“我想写小说。”
这句话,你是不是在心里对自己说过无数次?
或许是深夜读一本好书时,突然冒出一个“如果是我来写,我会这样设计”的念头;或许是看到街角一对老人牵手散步,脑海里瞬间蹦出他们的故事雏形;又或许,只是觉得“我的人生有太多想说的,写成小说大概就能说清楚”。
然后呢?
然后你打开电脑,新建一个文档,光标在空白页上闪烁,像一只嘲弄的眼睛,你开始想:“开头要怎么写才能吸引人?”“主角的名字够不够独特?”“这个情节是不是太老套了?”你查资料、列大纲、看写作教程,甚至买了《故事》《写作这回事》放在书架上,直到书脊积了灰,那个文档里依旧只有孤零零的标题。
“还没准备好。”你对自己说。
“文笔太差了。”你对自己说。
“万一写出来没人看呢?”你对自己说。
“想写小说”成了一个永远在“准备中”的梦想,像一颗被藏在抽屉最深处的种子,你总说“等春天到了再种”,可春天来了,你又觉得“土壤不够肥沃”,夏天到了,你又担心“阳光太烈”,直到冬天来临,种子早已失去了发芽的力量。
就要干小说:别等“完美”,先给故事一个“壳”
“就要干小说”,不是一句冲动的口号,而是一种“不管不顾”的行动力。
你不需要等“文笔完美”,海明威的《老人与海》初稿也写得磕磕绊绊;你不需要等“灵感爆棚”,村上春树说“灵感是等不来的,得像猎人一样主动去找”;你更不需要等“万事俱备”,故事从来不是“想”出来的,是“写”出来的——就像学走路,你不可能先学会平衡再迈出第一步,只能在跌跌撞撞中找到节奏。

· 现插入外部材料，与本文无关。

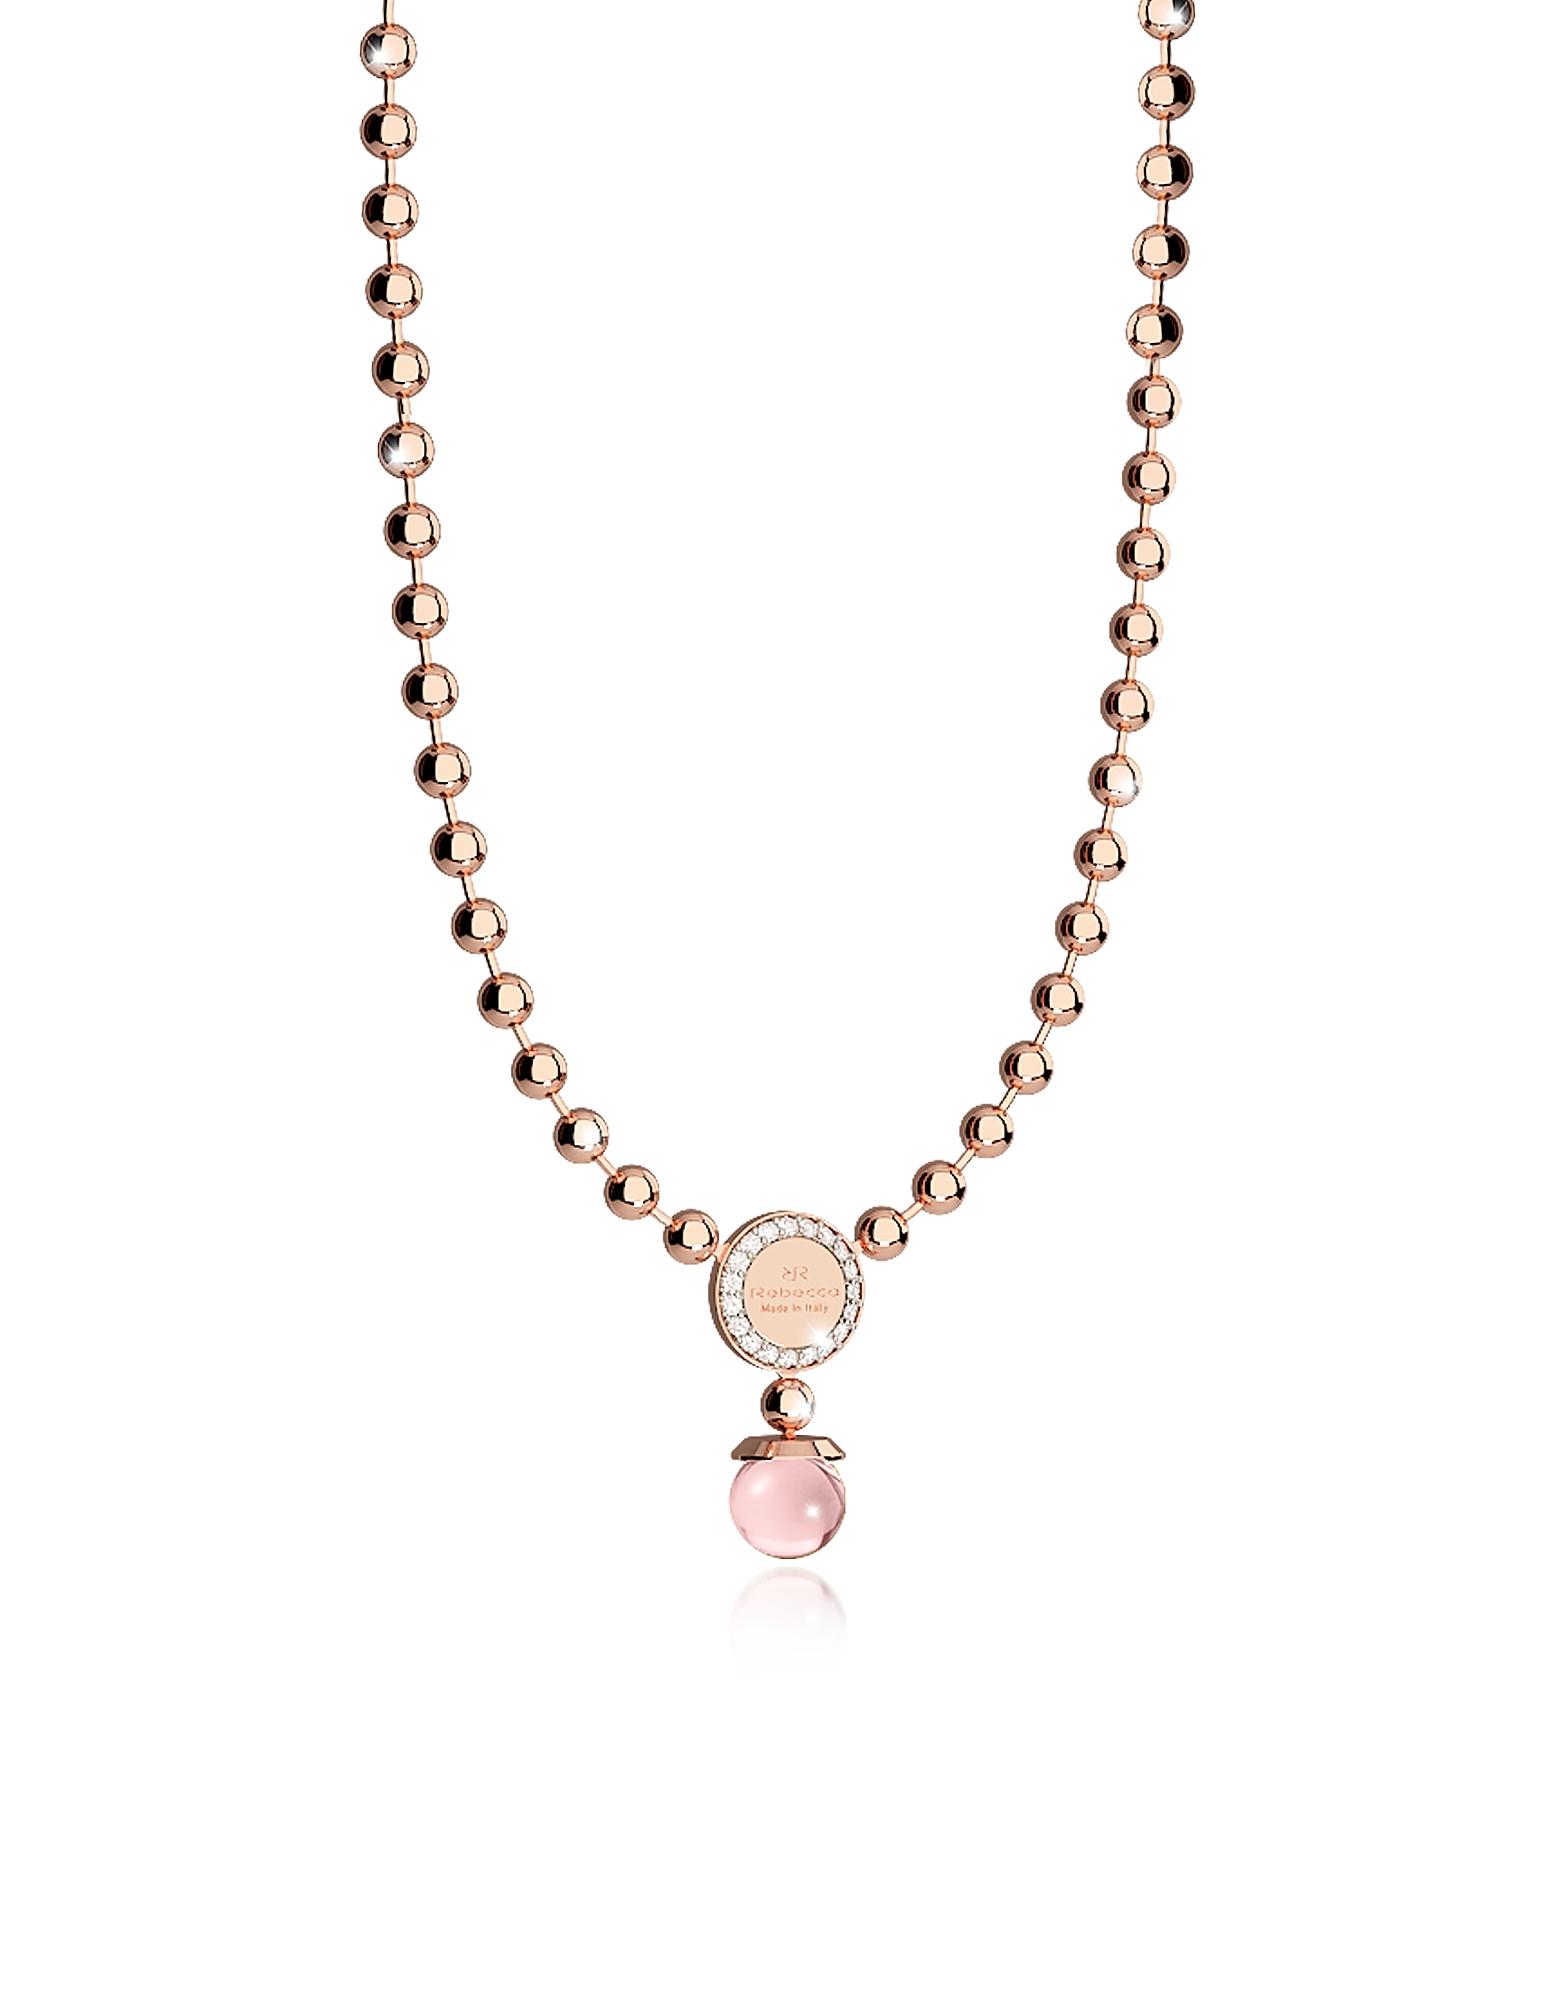 Boulevard Stone - Ожерелье из Бронзы с Напылением Розового Золота с Розовыми Гидротермальными Камнями

我认识一个姑娘,她跟我说“想写小说”想了五年,每次都是开头写三段就放弃,去年春天,她突然跟我说:“我不等了,哪怕写得烂,也要把故事写完。”她没列大纲,没查资料,只是凭着直觉写:一个在书店打工的女孩,总遇到同一个来买诗集的沉默男人,直到某天,她在他的书里发现了一张泛黄的旧照片……
写得确实不算好,情节有点跳,人物动机也不够清晰,但她写完了,写完那天,她在朋友圈发了一句:“原来‘完成’比‘完美’重要一万倍。”后来她把小说改了几遍,投稿给一个小的文学平台,居然发表了,编辑说:“你的故事很真诚,这种真诚比技巧更打动人。”你看,故事不需要“完美”,只需要“被写出来”。
就要干小说:你的“不完美”,藏着最独特的力量
很多人不敢“干小说”,是怕“写得不像别人”。
你看畅销书榜单上的小说,要么是逻辑严密的悬疑,要么是细腻动人的言情,要么是脑洞大开的大纲,你觉得自己“写不出来”,但你忘了,每个作家都有自己的“指纹”,你的不完美,恰恰是你最独特的力量。
有人写故事喜欢用华丽的辞藻,有人就偏爱大白话;有人擅长写宏大的历史,有人就能把小人物的日常写得让人鼻酸;有人觉得小说必须“有意义”,有人就觉得“讲好一个故事”就够了,莫言写《红高粱》,用的是带着泥土味的语言;余华写《活着》,用的是最朴素的叙述,可他们的故事,却能让全世界的人记住。
你的故事不需要“像谁”,它只需要“像你自己”,你小时候偷摘邻居家的桃子被追得满街跑的经历,你和朋友在深夜喝酒聊天的废话,你看到流浪猫时心里冒出的那点软,你藏在心底不敢说出口的遗憾……这些“不完美”的、琐碎的、真实的生活,才是小说最动人的底色。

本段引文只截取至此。